Big Data technologies have become an ever more present topic in both academia and industrial world. These technologies enable businesses to extract valuable insight from their available data, hence more and more SMEs are showing increasing interest in using these types of technologies. Distributed frameworks for processing large amounts of data, such as Apache Hadoop^[1], Spark^[2], or Storm^[3] gained in popularity and applications developed on top of them are more and more prevalent. However, developing soft- ware that meets these high-quality standards expected for business-critical Cloud applications remains a challenge for SMEs. In this case model-driven development (MDD) paradigm and popular standards such as UML, MARTE, TOSCA^[4] hold strong promises to tackle this challenge. During development of Big Data applications it is important to monitor performance for each version of the application. Information obtained can be used by software architects and developers to track the evolution in time of the developed application. Monitoring is also useful in determining main factors that impact the quality of different application versions. Throughout the development stage, running applications tend to be more verbose in terms of logged information so that developers can get insights about the developed application. Due to verbosity of logs, data- intensive applications produce large amounts of monitoring data, which in turn need to be collected, pre-processed, stored and made available for high-level queries and visualization. It is clear that there is a need for a scalable, highly available and easy deployable platform for monitoring multiple Big Data frameworks. Which can collect resource-level metrics, such as CPU, memory, disk or network, together with framework level metrics collected from Apache HDFS, YARN, Spark and Storm.

Motivations

In all development environments and in particular in a DevOps one infrastructure and application performance monitoring is very important. It allows developers to check the current performance and to evaluate potential performance bottlenecks. Most monitoring tools and services focus on providing a discrete view of a particular application and/or platform. Meaning that if a DIA is based on more than one platform it is very likely that one monitoring solution will not support all of the platforms. DMon is designed in such a way that it is able to monitor the most common Big Data platforms as well as system/infrastructure metrics. This way during development only one monitoring solution is able to handle all monitoring needs.

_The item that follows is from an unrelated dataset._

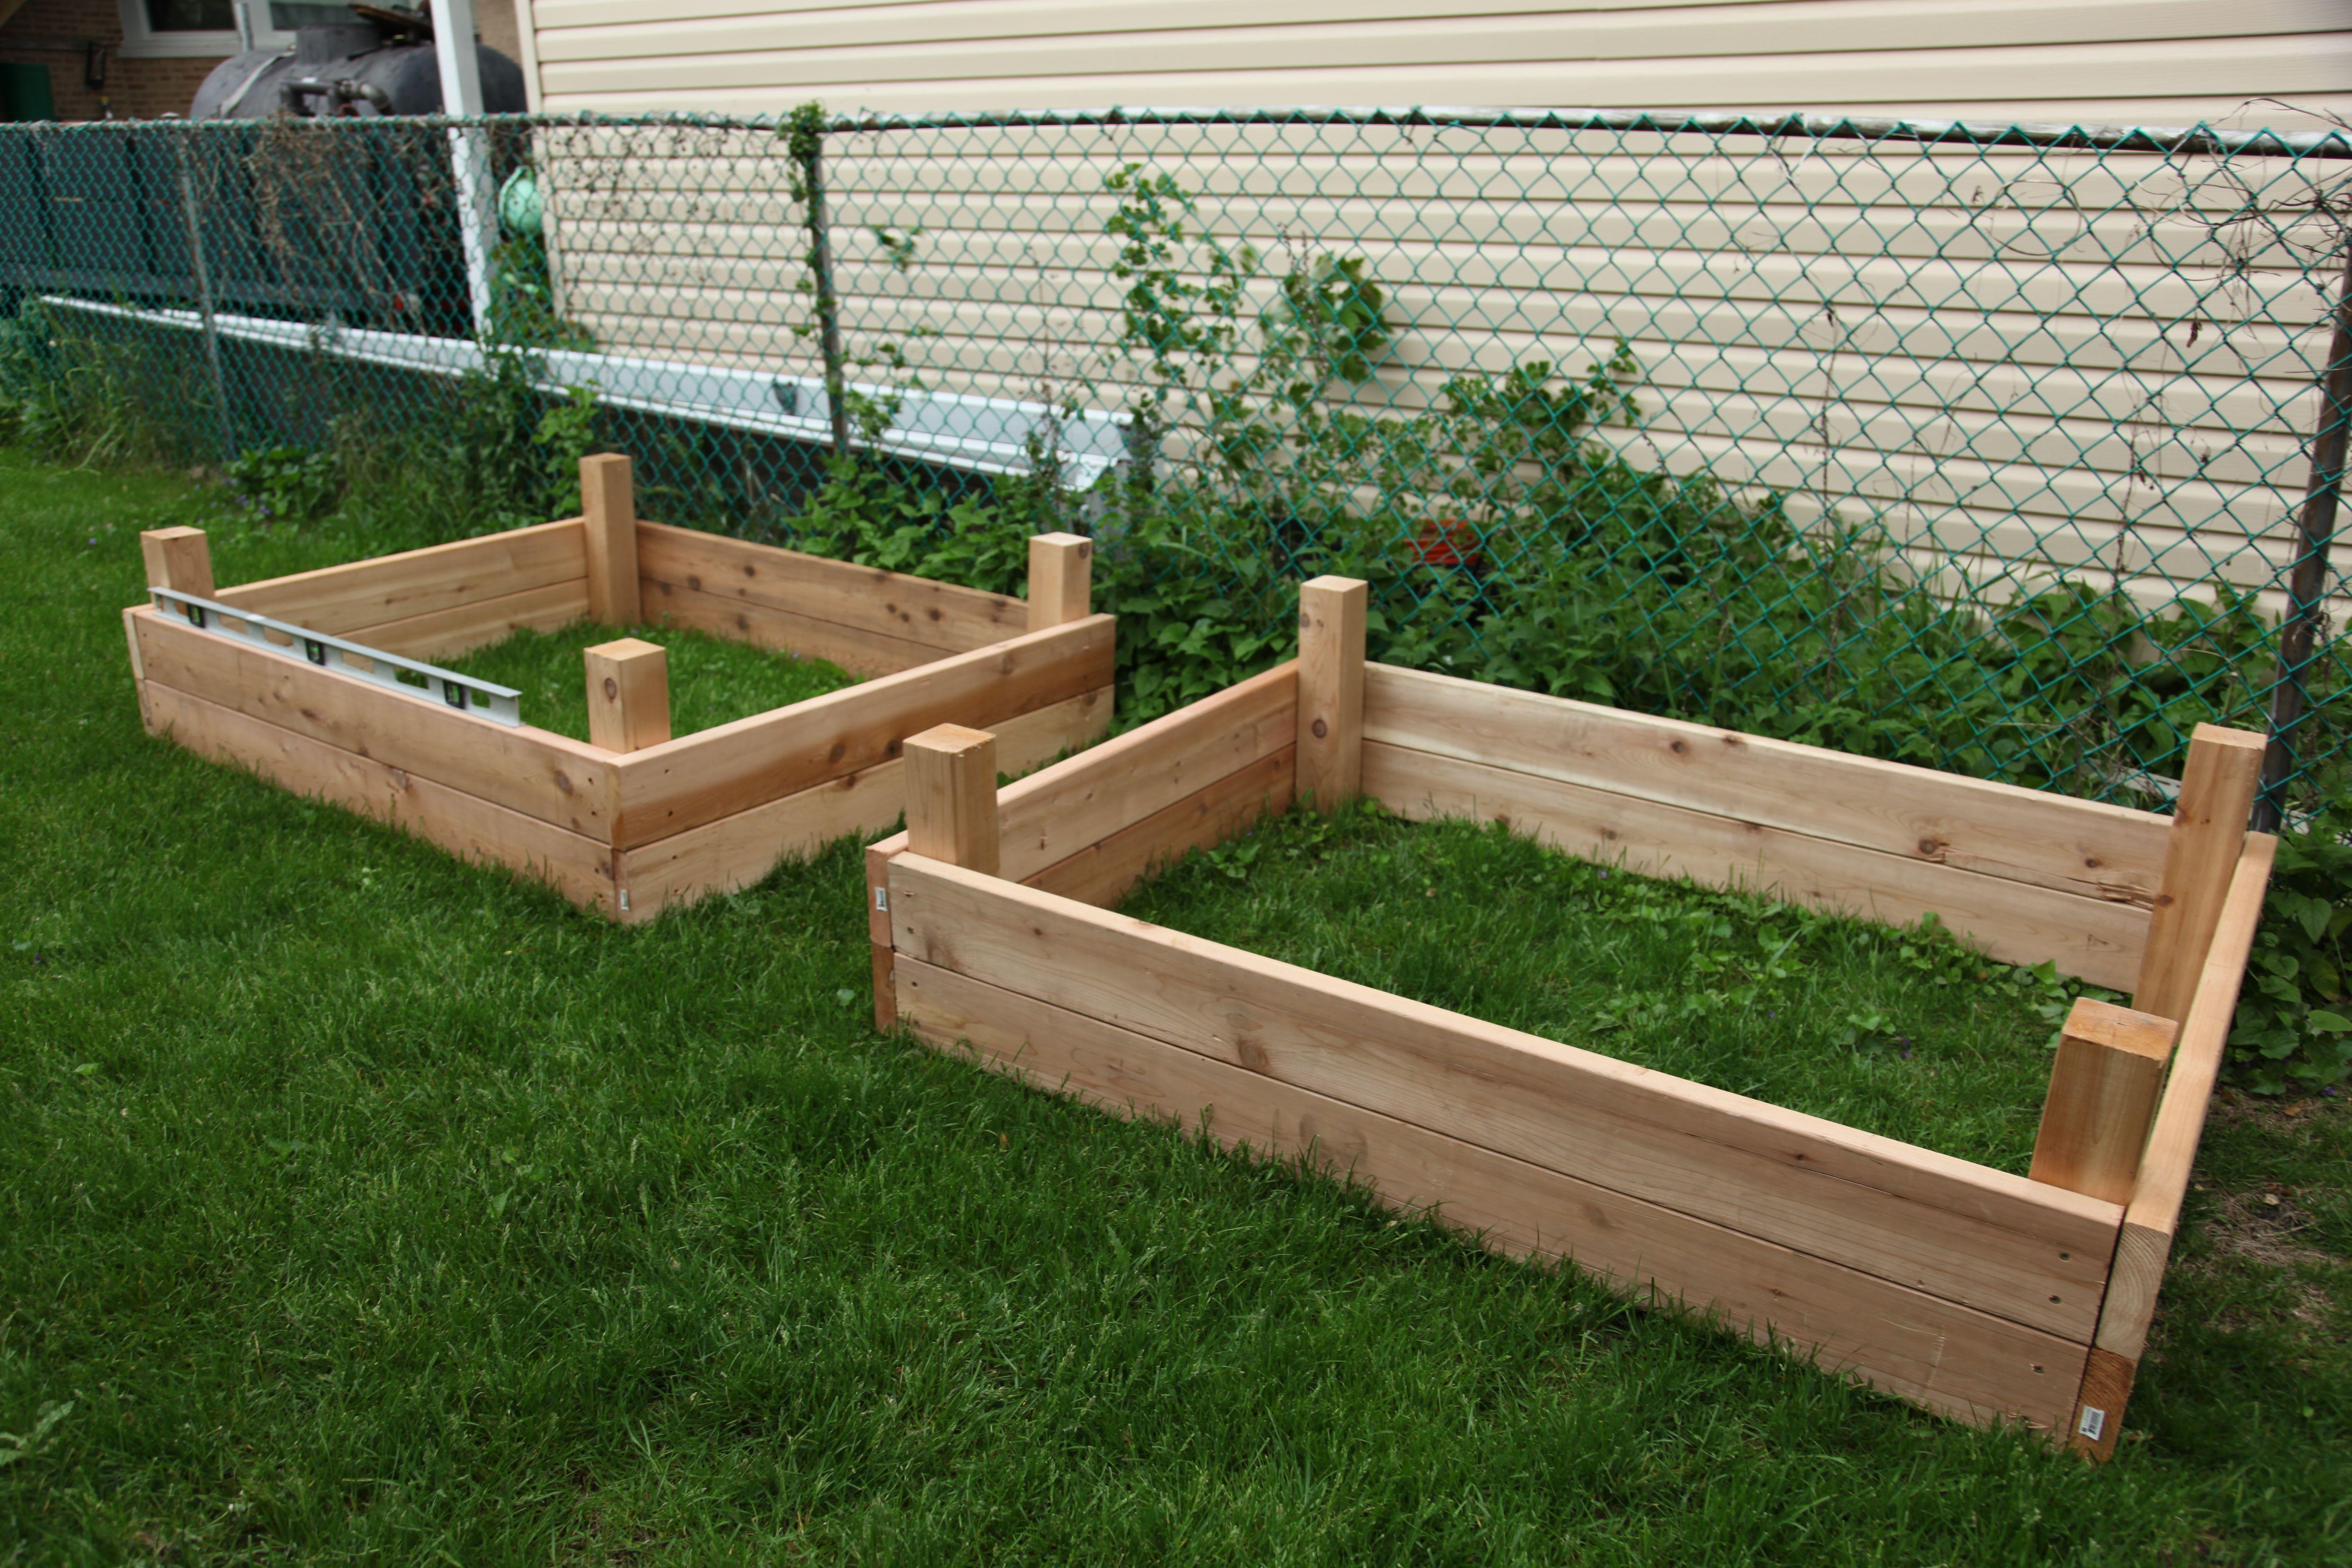 box duo garden pinterest raised garden bed plans gardens and garden boxes. Black Bedroom Furniture Sets. Home Design Ideas
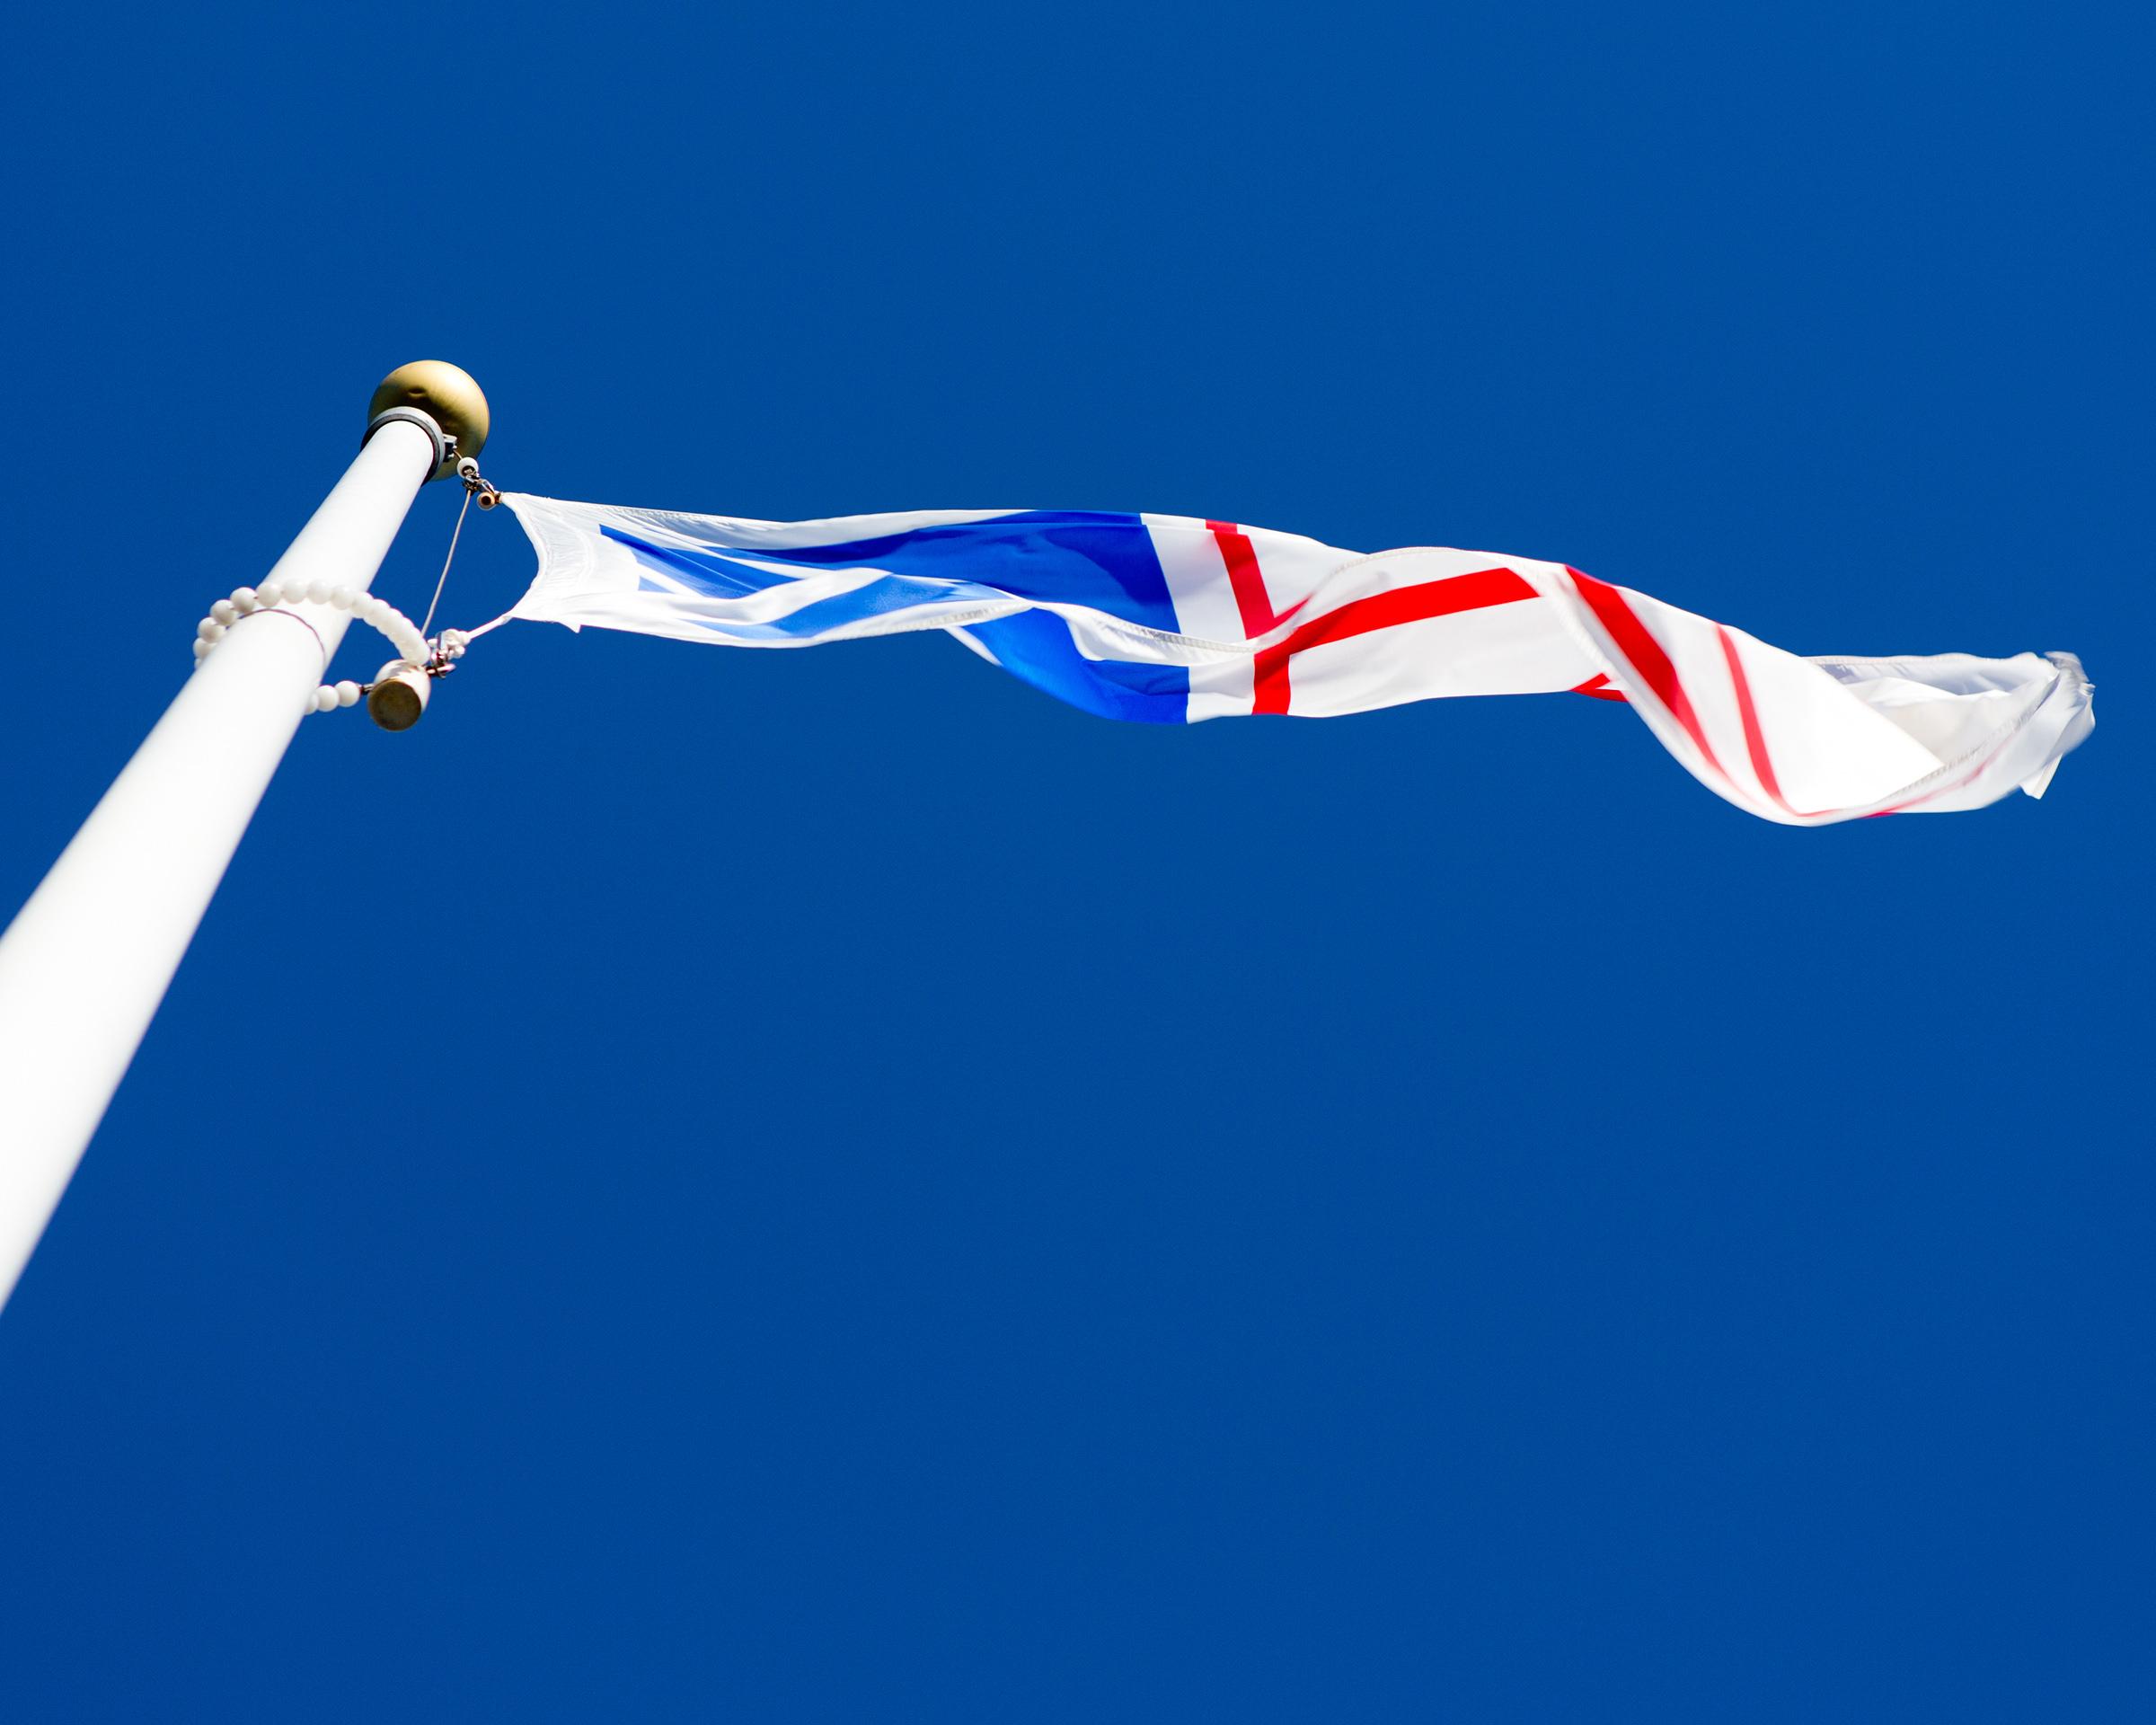 Flag, Canada, Newfoundland, Sunny, Summertime, HQ Photo

Of course platform monitoring is not enough, most of the time developers require information about their application performance. DMon can be easily extended to collect metrics via JMX or even custom log formats. All of the resulting metrics can then be queried and visualize using DMon.

Existing solutions

Currently on the market there are a lot of tools and services geared towards monitoring different cloud deployed resources and services. Big Data services are no different, here are just a few solutions which are used:

Hadoop Performance Monitoring UI^[5] provides an Hadoop inbuilt solution for quickly finding performance bottlenecks and provide a visual representation of the configuration parameters which might be tuned for better performance. Basically it is a lightweight monitoring UI for Hadoop server. One of its main advantage is the availability in the Hadoop distribution and the ease of usage. On the other hand it proves to be fairly limited with regard to performance. For example, the time spent in gc by each of the tasks is fairly high.

SequenceIQ^[6] provides a solution for monitoring Hadoop clusters. The architecture proposed by SequenceIQ and used in order to do monitoring is based on Elasticsearch^[7], Kibana and Logstash.The architecture has as its main objective obtaining a clear separation between monitoring tools and the existing Hadoop deployment. For achieving this three Docker containers are used. In a nutshell the monitoring solution consist of client and server containers. The server container takes care of actual monitoring tools. In this particular deployment Kibana is used for visualization and Elasticsearch for consolidation of the monitoring metrics. Through the capabilities of Elasticsearch one can horizontally scale and cluster multiple monitoring components. The client container contains the actual deployment of the tools that have to be monitored. This instance contains Logstash, Hadoop and the collectd modules. Logstash connects to the Elasticsearch cluster as a client and stores the processed and transformed metrics data there. Basically this solution consists of a collection of tools that are used in order to monitor different metrics from different layers. Among the main advantages of this solution one notices the ease of adding and removing different compo- nents from the system. Another interesting aspect of this architecture is the ease with which one can extract different informations from tools.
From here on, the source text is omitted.